问题
The question:
Is there any way to write a type annotation in TypeScript that allows any object literal, but doesn't allow built-in types number, string, boolean, Function or Array?
Why?
I have been working on improving some type definitions on DefinitelyTyped for some libraries I am using on my projects at work. A common pattern I have noticed in many JS libraries is to pass an 'options' object used to configure the library or plugin. In these cases, you will often you will see type definitions looking something like this:
declare module 'myModule' {
interface IMyModule {
(opts?: IOptions): NodeJS.ReadWriteStream;
}
interface IOptions {
callback?: Function;
readonly?: boolean;
}
}
This allows you to use it like this:
var myModule = require('myModule');
myModule();
myModule({});
myModule({ callback: () => {} });
myModule({ readonly: false });
myModule({ callback: () => {}, readonly: false });
Which all are valid use cases. The trouble is that these type definitions also allow for these non-valid use cases:
myModule('hello');
myModule(false);
myModule(42);
myModule(() => {});
myModule([]);
In many cases, the above calls would result in a runtime error, as the library JS code may try to set default values on the object, or pass the options to another library. Although I have tried many things, I haven't been able to constrain the parameter to accept only objects and not any of those other invalid cases.

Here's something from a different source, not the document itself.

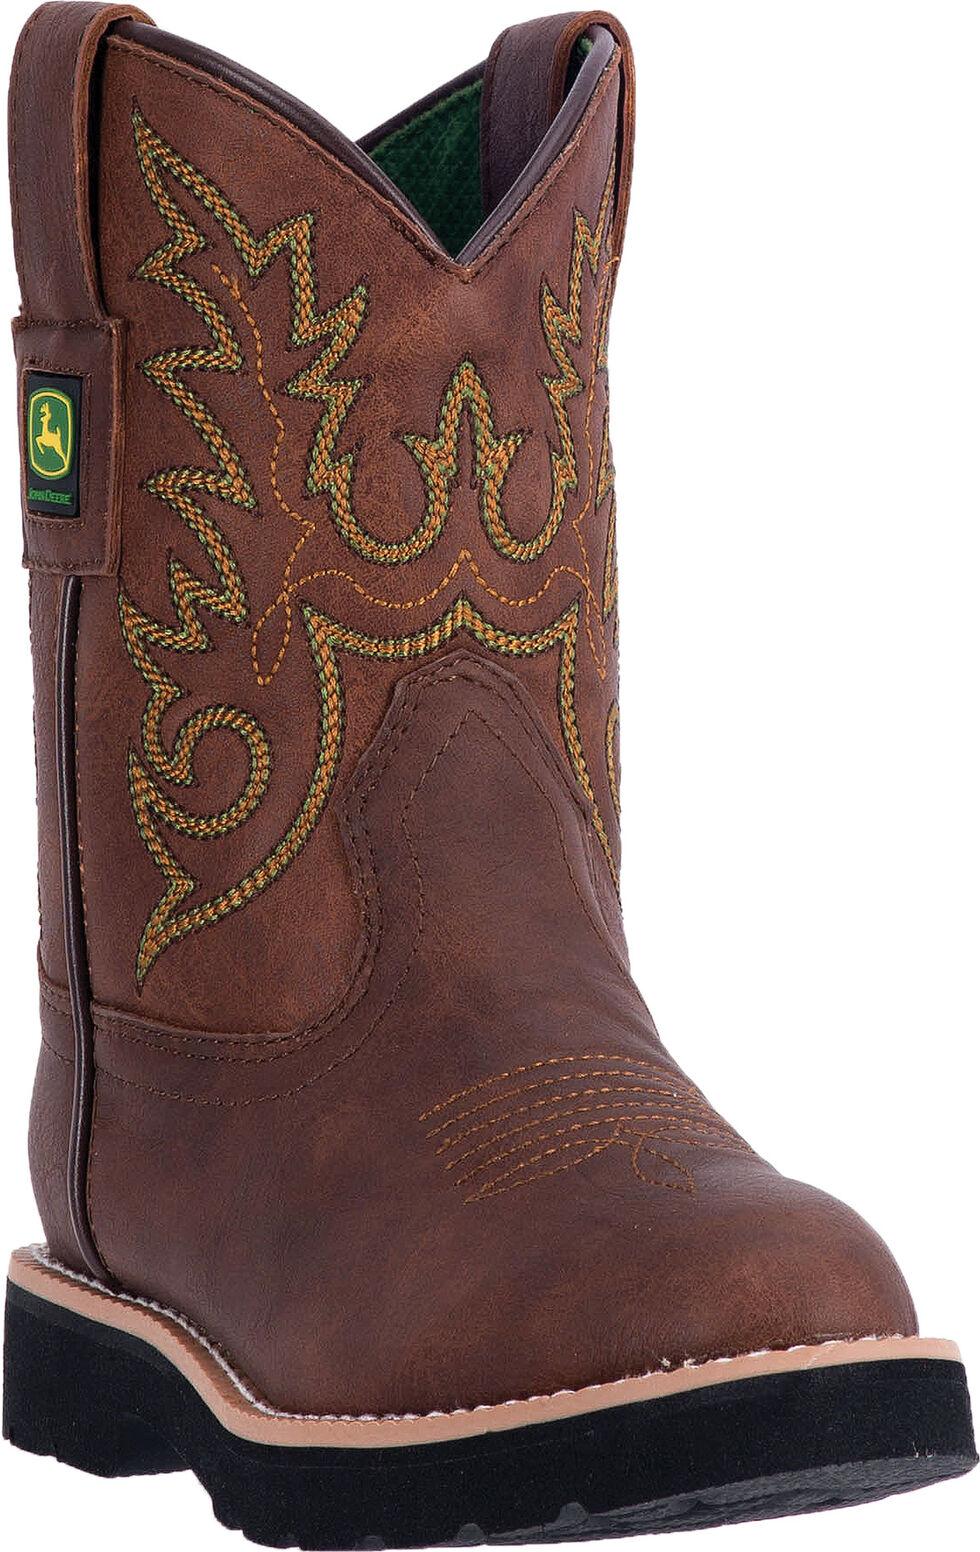 John Deere Kid's Chestnut Western Boots - Round Toe, Brown, hi-res
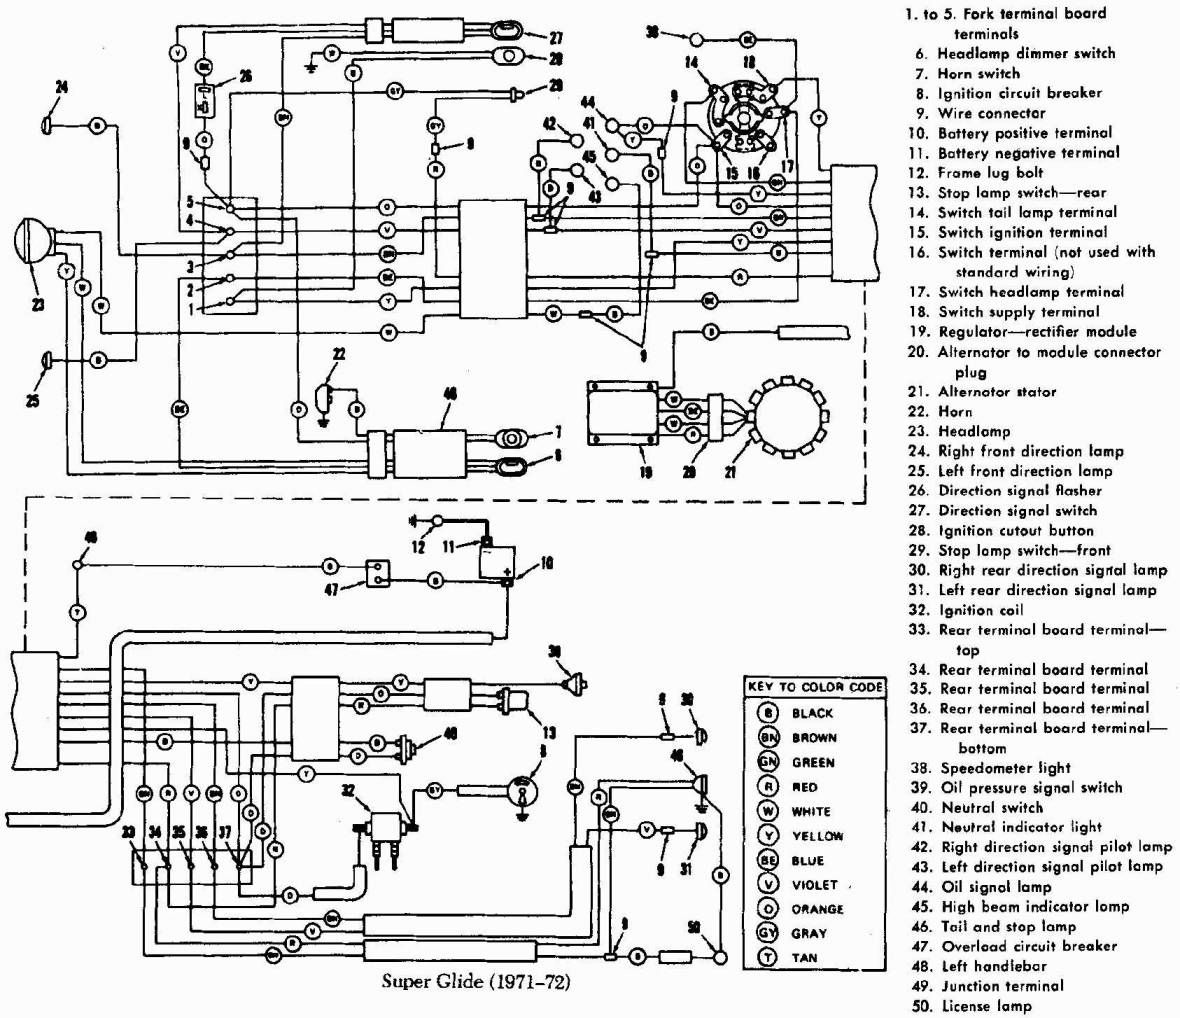 15+ Harley Headlight Wiring Diagram | Softail, Motorcycle wiring, Diagram | 2005 Harley Davidson Wiring Diagram |  | Pinterest

It seems that if you have an interface with only optional members (as no one option is required), the compiler will widen acceptable types to accept any.
You can see a TypeScript Playground demonstration of this problem here: http://bit.ly/1Js7tLr
Update: An example of a solution that doesn't work
interface IOptions {
[name: string]: any;
callback?: Function;
readonly?: boolean;
}
This attempt requires an indexing operator to be present on the object, which means that it now complains about numbers, strings, booleans, Functions, and Arrays. But this creates a new problem:
var opts = {};
myModule(opts);
This now fails when it should be a valid scenario. (See this in Playground: http://bit.ly/1MPbxfX)
回答1:
For an interface to have sensible enforcement, it must have at least one mandatory member. Essentially, the interface below enforces nothing:
interface IOptions {
callback?: Function;
readonly?: boolean;
}
It is actually equivalent to the "evil interface":
interface IOptions {
}
So you are getting auto-completion, but no real type checking.
Your proposed solution is the way to go...
interface IOptions {
[name: string]: any;
callback?: Function;
readonly?: boolean;
}
In most cases, people tend to construct these options within the function call, but if they really want to do it elsewhere they can use a type assertion:
// If you must
var opts = <IOptions>{};
myModule(opts);
// More typical
myModule({});
// Although... if its empty
myModule();
Disclaimer. A small part of this is just my opinion... but an empty interface is the worst thing you can do with an interface in TypeScript and one that enforces nothing is the second-worst thing.
You could avoid the duplication using your own base interface...
interface Indexed {
[name: string]: any;
}
Or even...
interface Indexed<T> {
[name: string]: T;
}
And then use it on all your options interfaces...
interface IOptions extends Indexed {
callback?: Function;
readonly?: boolean;
}
回答2:
As of TypeScript 2.2, there is now an object type that does almost exactly what I have described above.
... you can assign anything to the
objecttype except forstring,boolean,number,symbol, and, when usingstrictNullChecks,nullandundefined.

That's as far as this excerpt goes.